The following photo is my photo class home work -- Commerce ad (shoes)

Plase give me some comment for my home work! Thank a lot! :hail:


----------



## Christie Photo (Jun 19, 2007)

I get what you're trying to do here, but I'm not quite sold on it.  The shoes just don't look absolutely wonderful.

Did you design the ad too?  Is this entirely your concept?

Pete


----------



## x-man (Jun 19, 2007)

Christie Photo said:


> I get what you're trying to do here, but I'm not quite sold on it. The shoes just don't look absolutely wonderful.
> 
> Did you design the ad too? Is this entirely your concept?
> 
> Pete


 
Hi Christie: Thank for your comment! All is my idea. So how can I improve it? Thank a lot!


----------



## koda-46 (Jun 19, 2007)

no offence, but its kind of corny.......


----------



## eravedesigns (Jun 19, 2007)

Ya I second that


----------



## shorty6049 (Jun 19, 2007)

i guess i just dont really like the color of the shoes, it doesnt go too well with the roses


----------



## x-man (Jun 20, 2007)

Thank you all your comment. I redo my home work. please have a look and comment Thank a lot!

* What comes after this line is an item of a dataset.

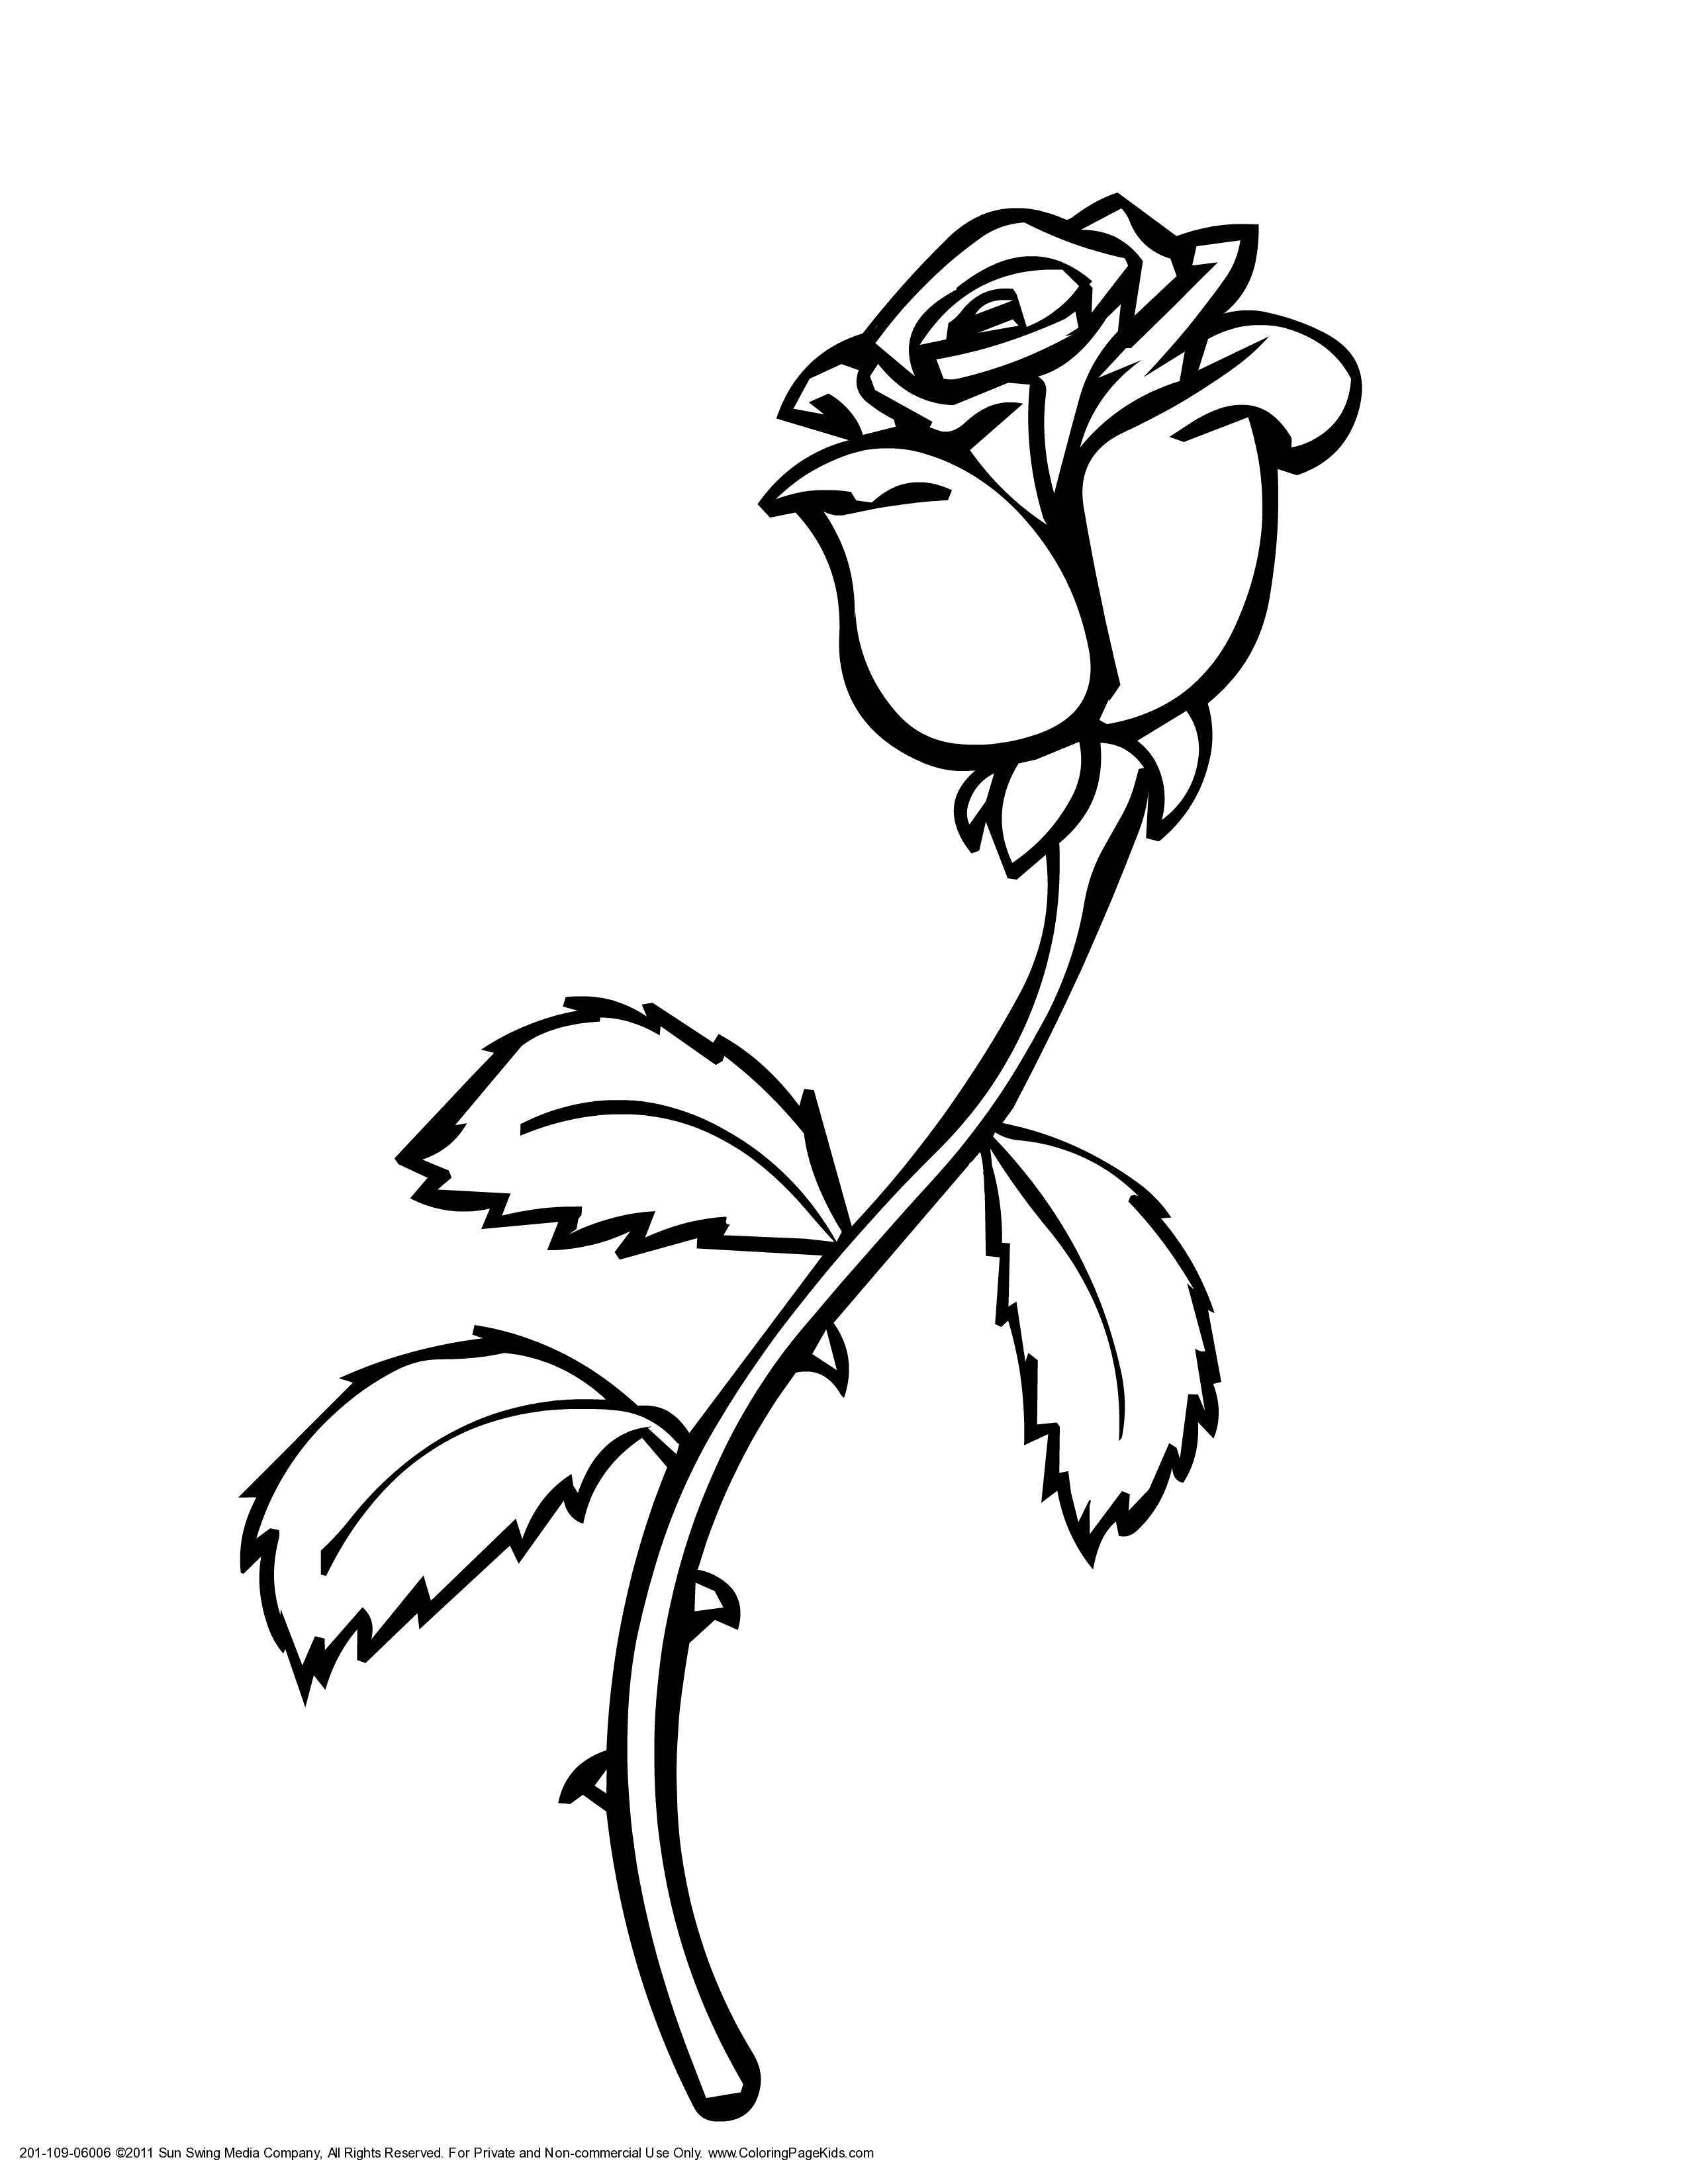 Rose drawing clipart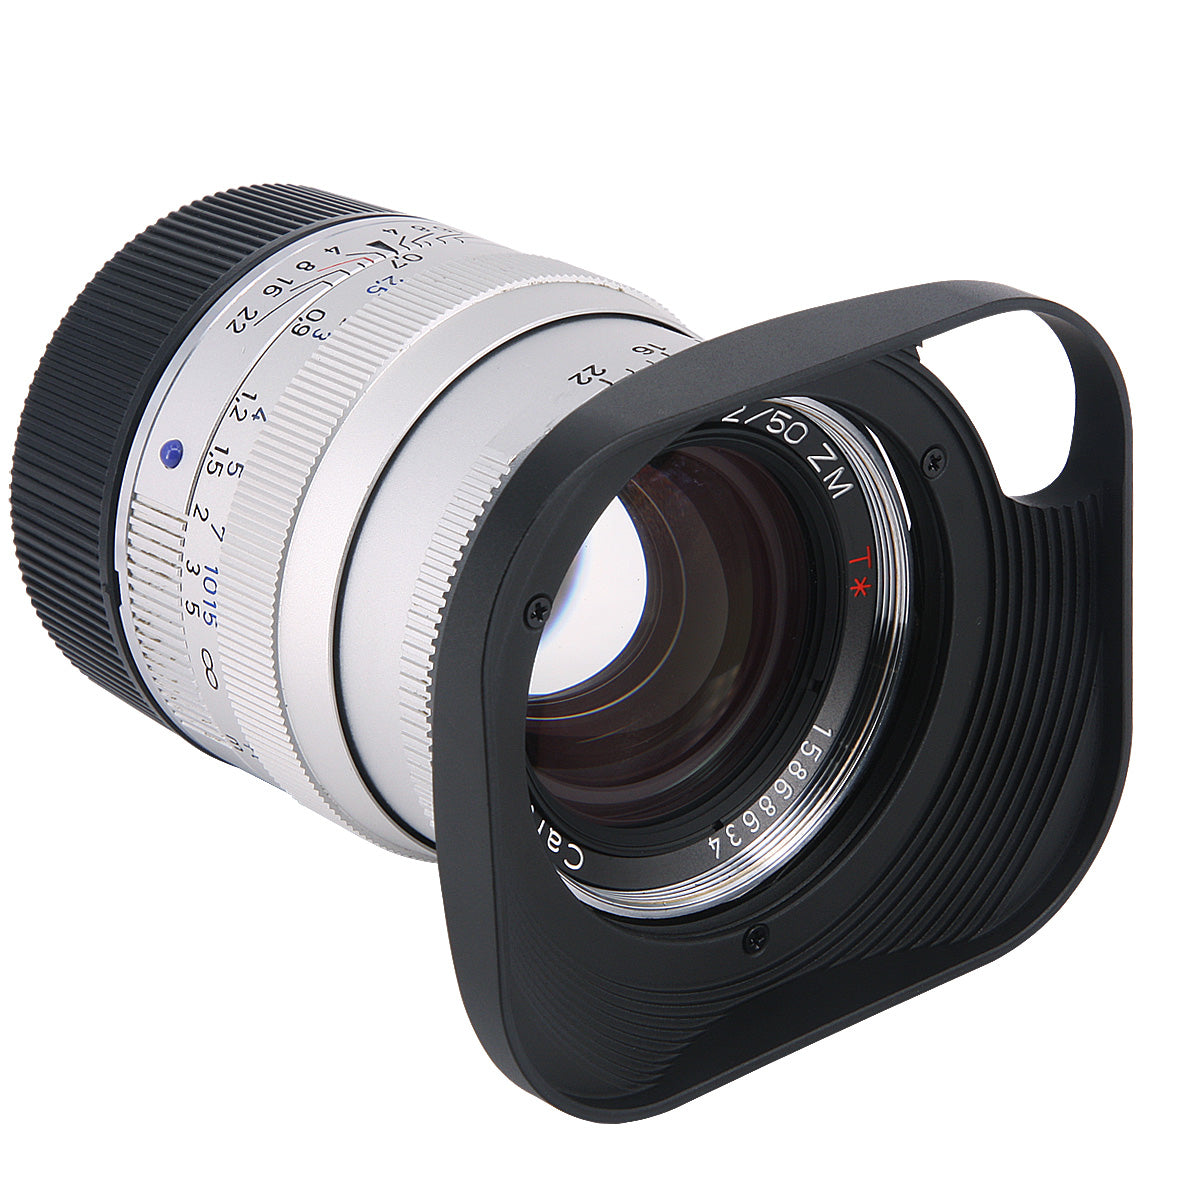 Haoge LH-ZV02P Lens Hood for Carl Zeiss Biogon T 2/35 35mm f2 ZM, C Biogon T 2.8/35 35mm f2.8 ZM, Planar T 2/50 50mm f2 ZM; Voigtlander NOKTON Classic 35mm f1.4 VM, 40mm f1.4 VM Hollow Out Designed

New home work is post it in following link
http://www.thephotoforum.com/forum/showthread.php?t=85391


----------



## Christie Photo (Jun 20, 2007)

I'm thinking you should concentrate on making a fantastic photo of the shoes, and no so much about the ad concept.  But, I do not know just what you assignment is.  

I think if you want to make a photograph of these shoes, a simple approach would be to use a background with cool colors...  such as blues.  Since color has different wavelengths, warm colors seem to project, while cool color recede.  So, placing this warm colored product into a cool colored setting should make the shoes "pop."

I hope this helps.

Pete


----------



## x-man (Jun 26, 2007)

Christie Photo said:


> I'm thinking you should concentrate on making a fantastic photo of the shoes, and no so much about the ad concept. But, I do not know just what you assignment is.
> 
> I think if you want to make a photograph of these shoes, a simple approach would be to use a background with cool colors... such as blues. Since color has different wavelengths, warm colors seem to project, while cool color recede. So, placing this warm colored product into a cool colored setting should make the shoes "pop."
> 
> ...


Hi Pete:

Thank for your comment. You are right.I want make this photos more fantastic. Roman is fantastic. My assignment is more on concept. So that I take this photo is not normal method, using abnormal White balance. using almost same color blackground. I think I doesn't do it well. I work hard next time. Thank! 

Eric Wong


----------